Dr. Rosenberg was awarded the 1980 Binkley-Stephanson Prize from the Organization of American Historians for the best article published in the Journal of American History in 1979, and the 1980 Bernath Article Prize from the Society for Historians of American Foreign Relations. He has received scholar grants for research from the Harry S Truman Library Institute (1974, 1975, 1983), the Lyndon Baines Johnson Foundation (1983, 1992), the Ford Foundation (1985, 1986), and the John D. and Catherine T. MacArthur Foundation Grant for Individual Research and Writing in International Peace and Security (1987-1988). In 1988, he became the first military historian to be awarded a five year John D. and Catherine T. MacArthur Foundation Fellowship. He received the Department of the Navy Meritorious Public Service Citation from the Chief of Naval Operations for his civilian consulting work for the Navy on current policy and strategy in 1995. That same year, he was appointed to and was subsequently elected Chair of the Secretary of the Navy’s Advisory Subcommittee on Naval History. In 1996, he was appointed the first incumbent of the Admiral Harry W. Hill Chair of Maritime Strategy at the National War College. Rosenberg earned a Ph.D., with Distinction, from the University of Chicago.

Dr. Rosenberg has written extensively on security and military issues. Some of his publications include: Sailor: Arleigh Burke and the United States Navy (in progress); “Arleigh Burke: The Last CNO,” in James C. Bradford, ed., Quarterdeck and Bridge: Two Centuries of American Naval Leaders (1996); “American Naval Strategy in the Era of the Third World War: An Inquiry into the Structure and Process of General War at Sea, 1945-1990,” in Nicholas A.M. Rodger, ed., Naval Power in the Twentieth Century (1996); “The History of World War Three: A Conceptual Framework,” in Robert David Johnson, ed., On Cultural Ground: Essays in International History in Honor of Akira Iriye (1994); “Nuclear War Planning,” in Michael Howard, George Andreopoulos, and Mark Russell Shulman, eds., The Laws of War: Constraints on Warfare in the Western World (1994); “Process: The Realities of Formulating Modern Naval Strategy,” in James Goldrick and John B. Hattendorf, eds., Mahan is Not Enough: The Proceedings of the Corbett-Richmond Conference, U.S. Naval War College(1993); “Arleigh Albert Burke,” in Stephen Howarth, ed., Men of War: Great Naval Captains of World War II (1993); Co-editor (with Steven Ross) of America’s Plans for War against the Soviet Union, 1945-1950 (1990); “The Origins of Overkill: Nuclear Weapons and American Strategy, 1945-1960,” International Security (1983); and “American Atomic Strategy and the Hydrogen Bomb Decision,” Journal of American History (1979).

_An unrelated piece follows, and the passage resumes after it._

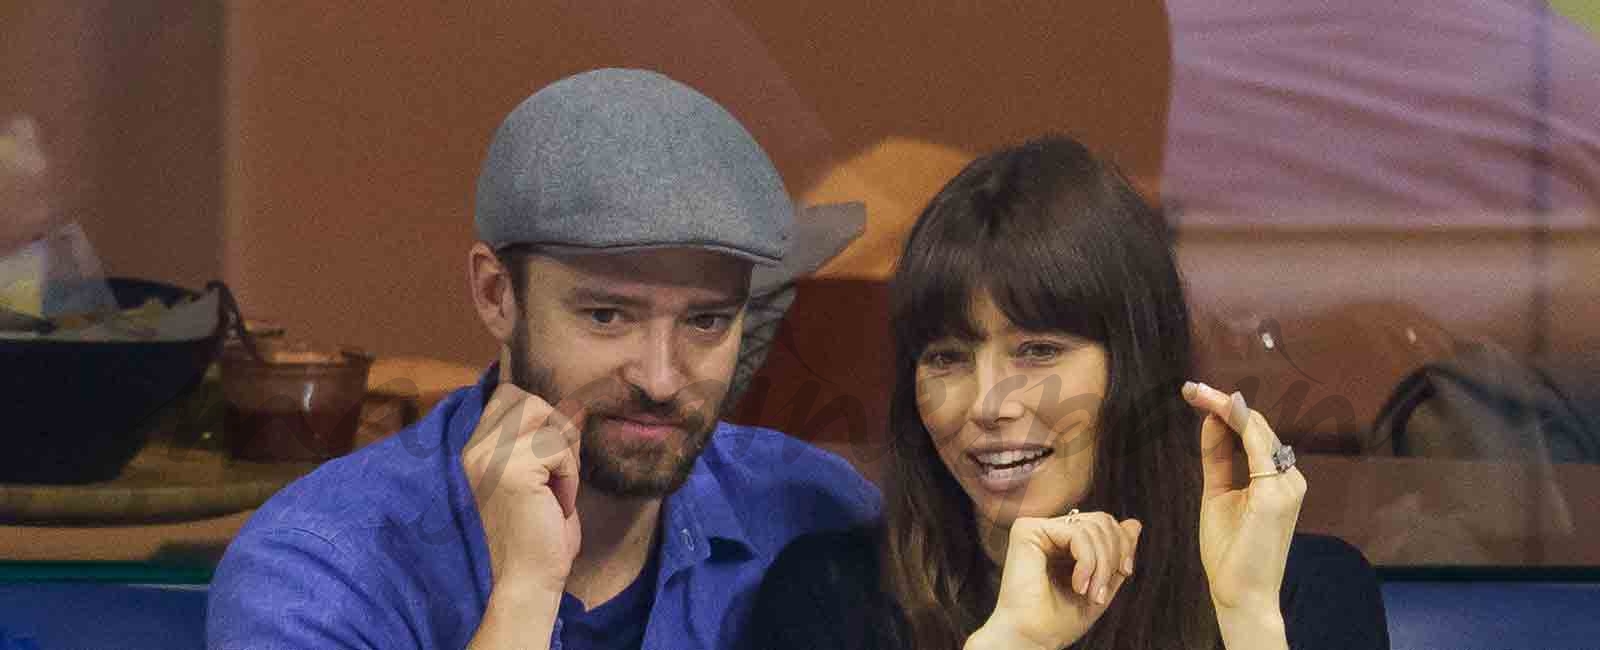 Al año de casarse , Justin Timberlake y Jessica Biel se divorcian

You may note I am the only outside speaker today. I had nothing to do with this book. This is not stating that I had no responsibility since they used a number of my studies, but I thought it would be important to note that I am here because I think this is a worthwhile effort and should be commented on. I am going to comment on it in terms of the question of the value of this book as history and the utility that it would have for people studying the problem of the nuclear age both in terms of the development of the Cold War and also in terms of future issues. And I will be brief, even though I am a professor.

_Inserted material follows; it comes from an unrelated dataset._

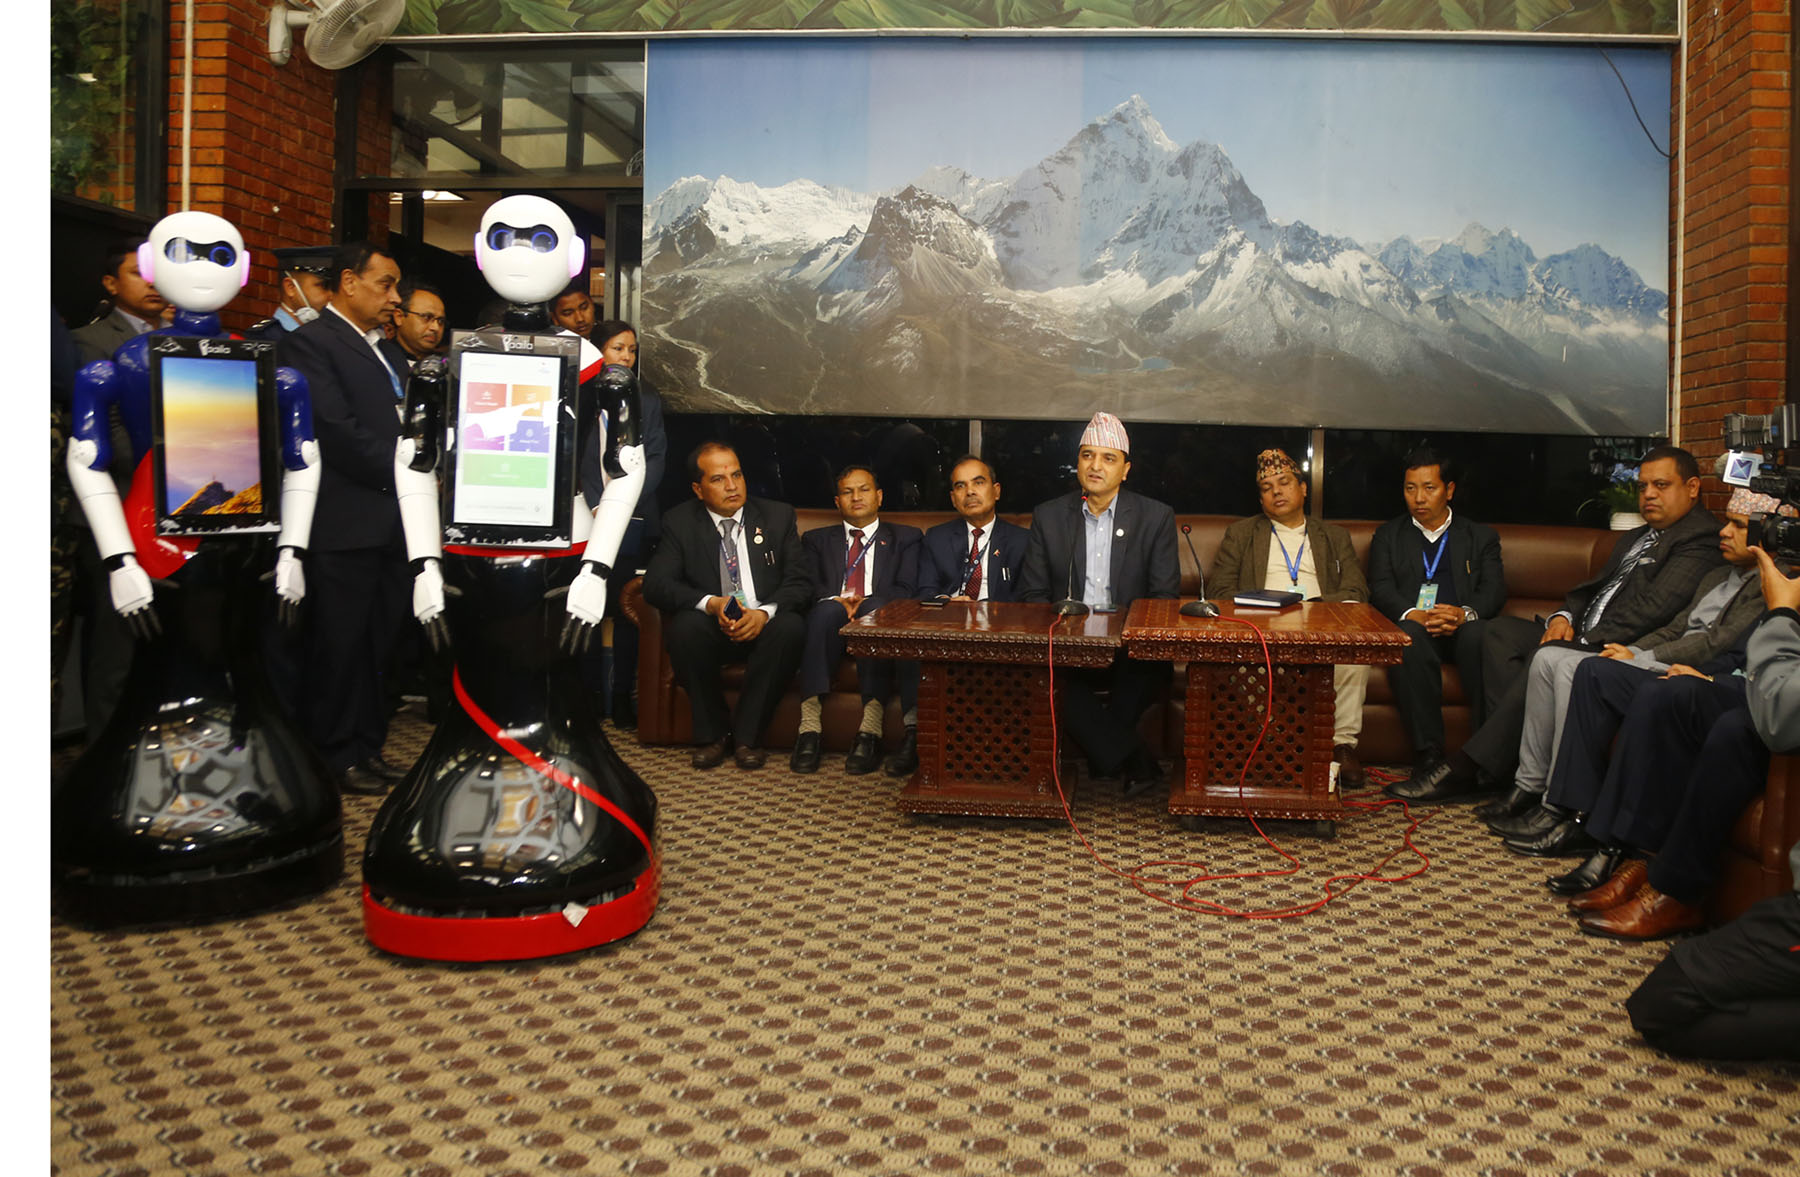 त्रिभुवन विमानस्थलमा यात्रुहरुलाई रोबोटले स्वागत गर्दै

There are five ways you can use history in public policy. You can use it to impress, you can use it to inform, you can use it to inspire, you can use it to admonish, and you can use history to empower. In each case, Atomic Audit in fact fulfills those requirements. It is a book that can be used, repeatedly, to impress. As you go through it, you will find little tidbits of data that can be used endlessly at receptions and Washington cocktail parties (laughter) to, in fact, amaze and appall your friends and adversaries with respect to the amount of money that was spent on megatonnage. And the concern I have is that, that is often the way that history gets used. “Did you know that?” Well there are other issues to worry about.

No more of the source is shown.